2016-10-20 129 views
1

我正在猜測Spark中的多類分類。 我有300.000個預定義的分類集。 轉換數據時沒有任何問題,但當我嘗試訓練模型時,我的內存不足。 我該如何解決這個問題?Spark隨機森林分類器在訓練時拋出java.lang.OutOfMemoryError

object Test { 

    var num = 50 
    var savePath = "c:/Temp/SparkModel/" 
    var stemmer = Resha.Instance 

    var STOP_WORDS: Set[String] = Set() 

    def cropSentence(s: String) = { 
    s.replaceAll("\\([^\\)]*\\)", "") 
     .replaceAll(" - ", " ") 
     .replaceAll("-", " ") 
     .replaceAll(" +", " ") 
     .replaceAll(",", " ").trim() 
    } 

    def main(args: Array[String]): Unit = { 

    val sc = new SparkConf().setAppName("Test").setMaster("local[*]") 
     .set("spark.sql.warehouse.dir", "D:/Temp/wh") 
     .set("spark.executor.memory", "12g") 
     .set("spark.driver.memory", "4g") 
     .set("spark.hadoop.validateOutputSpecs", "false") 

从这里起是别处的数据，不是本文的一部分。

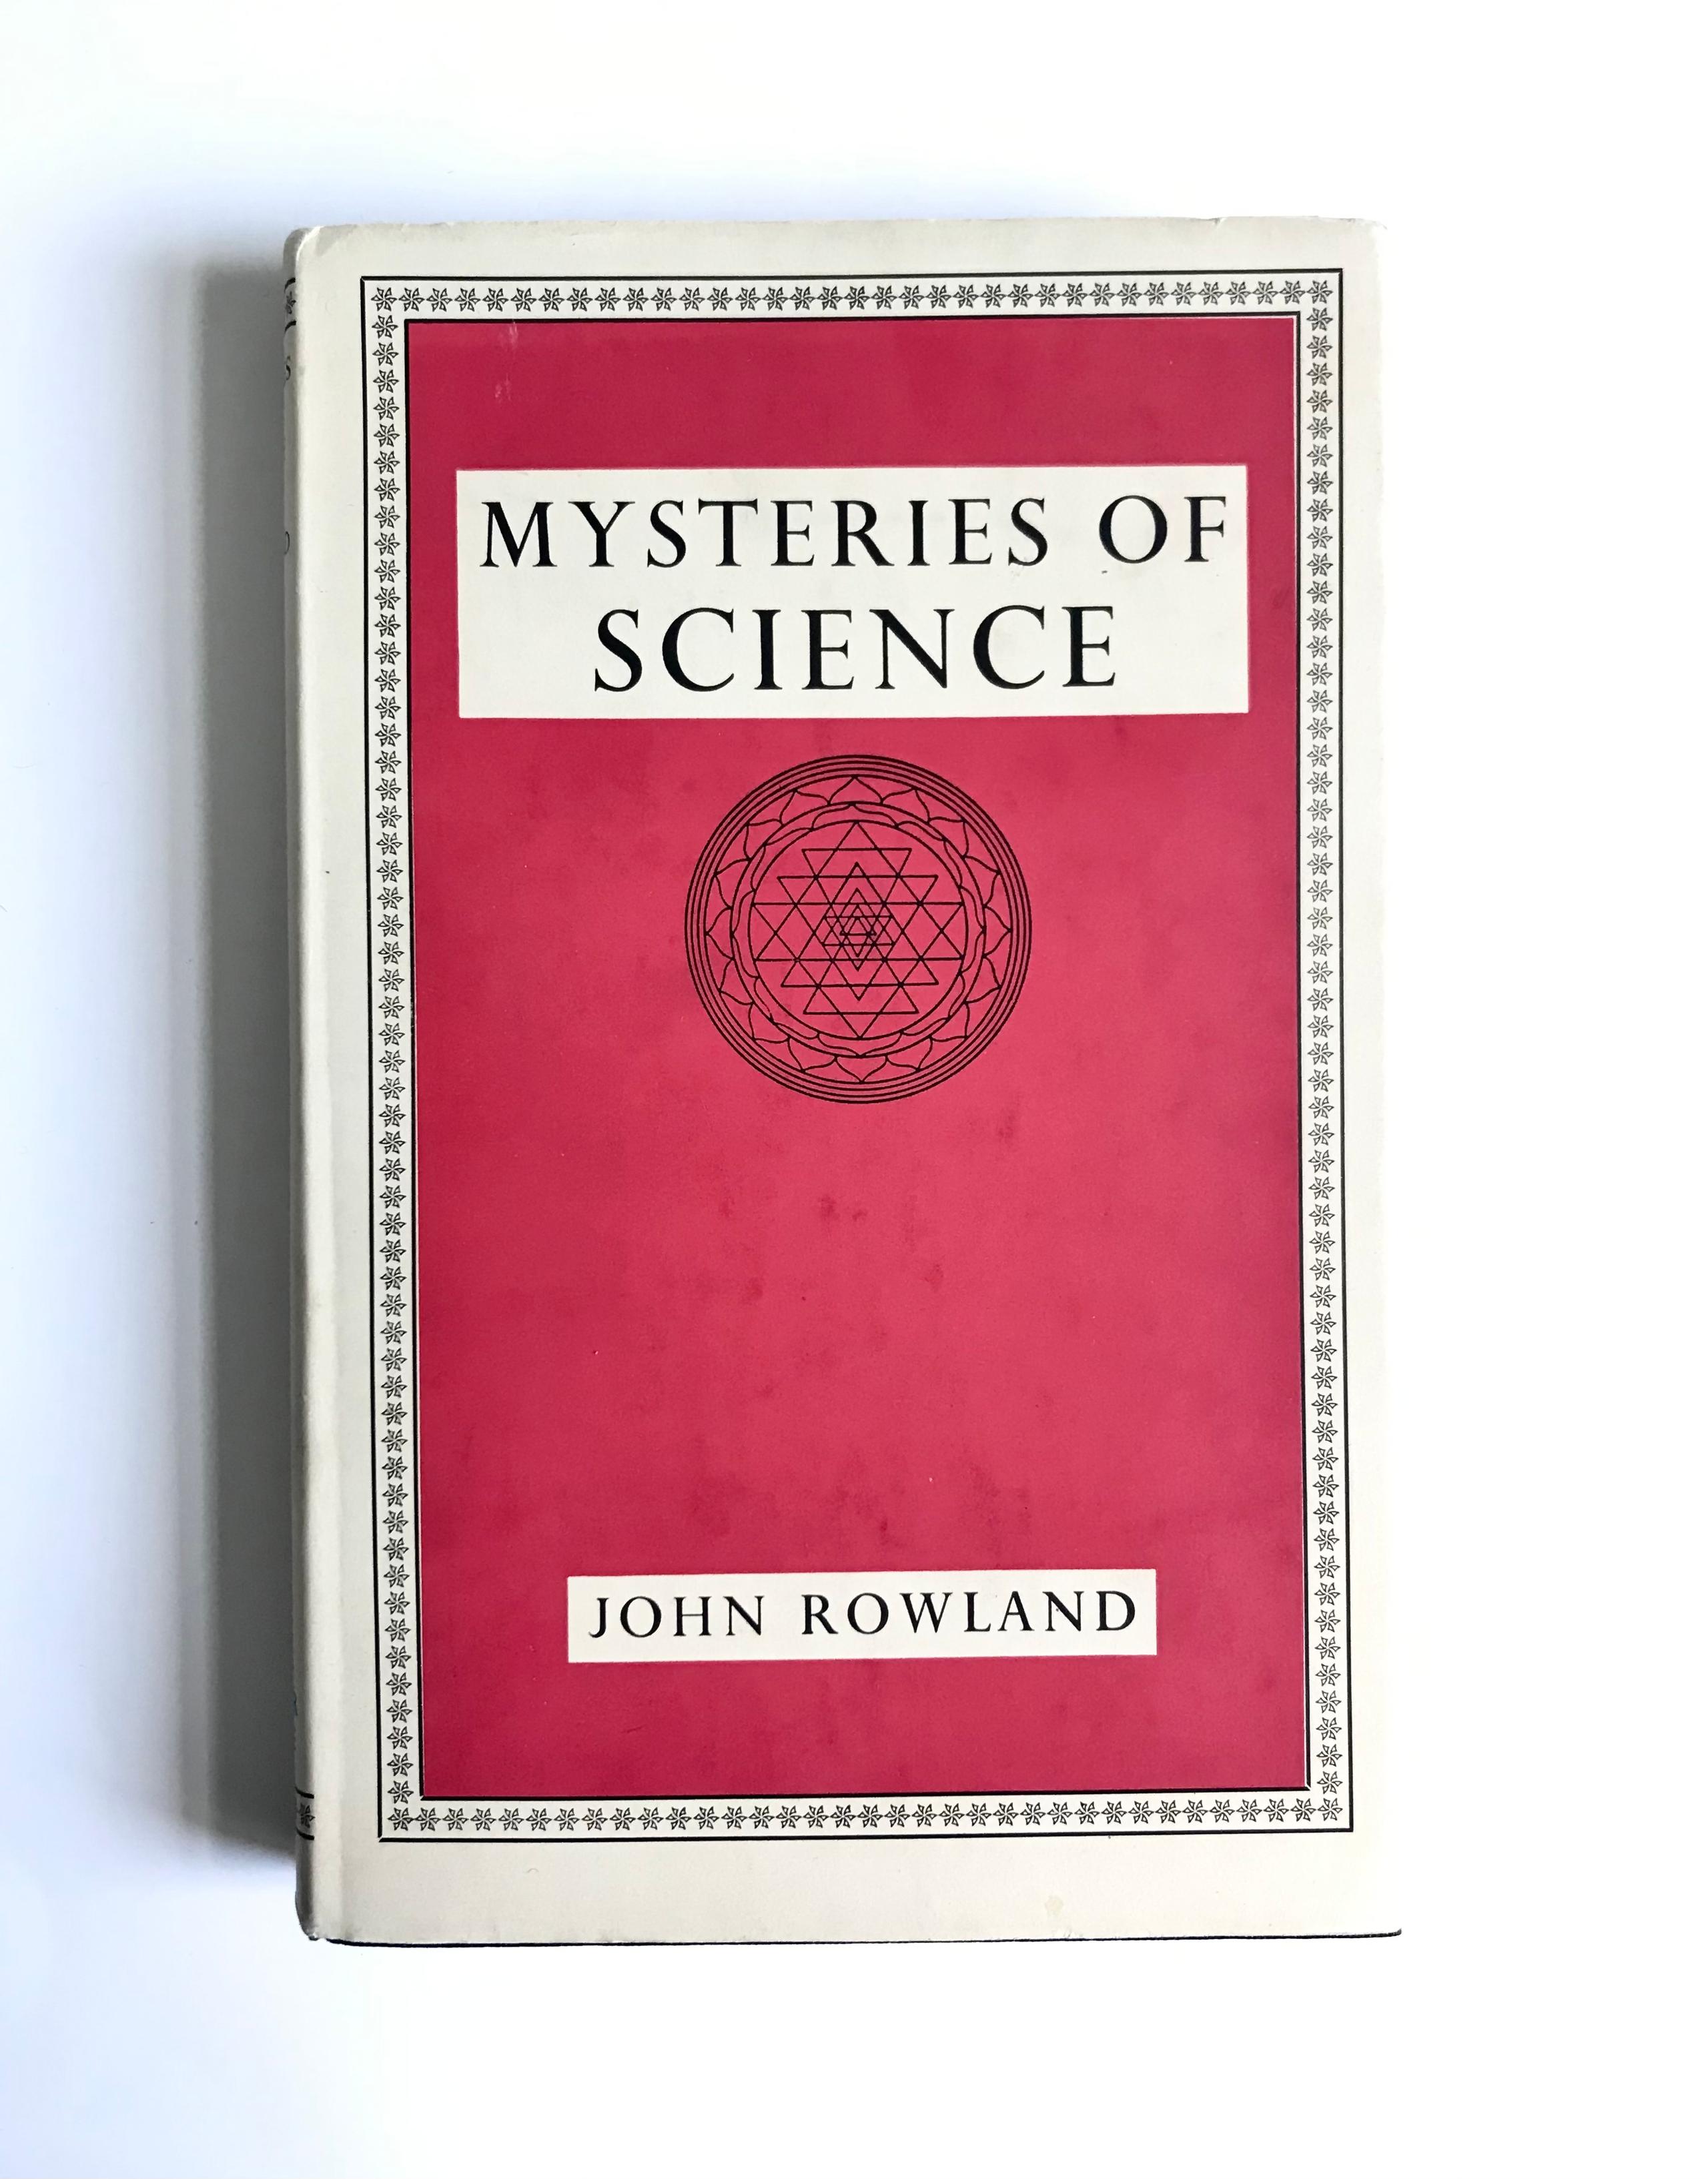 Mysteries of Science by John Rowland

    val spark = SparkSession.builder.appName("Java Spark").config(sc).getOrCreate() 
    import spark.implicits._ 

    val mainDataset = spark.sparkContext.textFile("file:///C:/Temp/classifications.csv") 
     .map(_.split(";")) 
     .map(tokens => {  
     var list=new ListBuffer[String]() 
     var token0=cropSentence(tokens(0).toLowerCase(Locale.forLanguageTag("TR-tr")));  
     token0.split("\\s+").map {list+=stemmer.stem(_)} 
     (tokens(1), tokens(0),list.toList.mkString(" ")) 
     }).toDF("className","productNameOrg","productName") 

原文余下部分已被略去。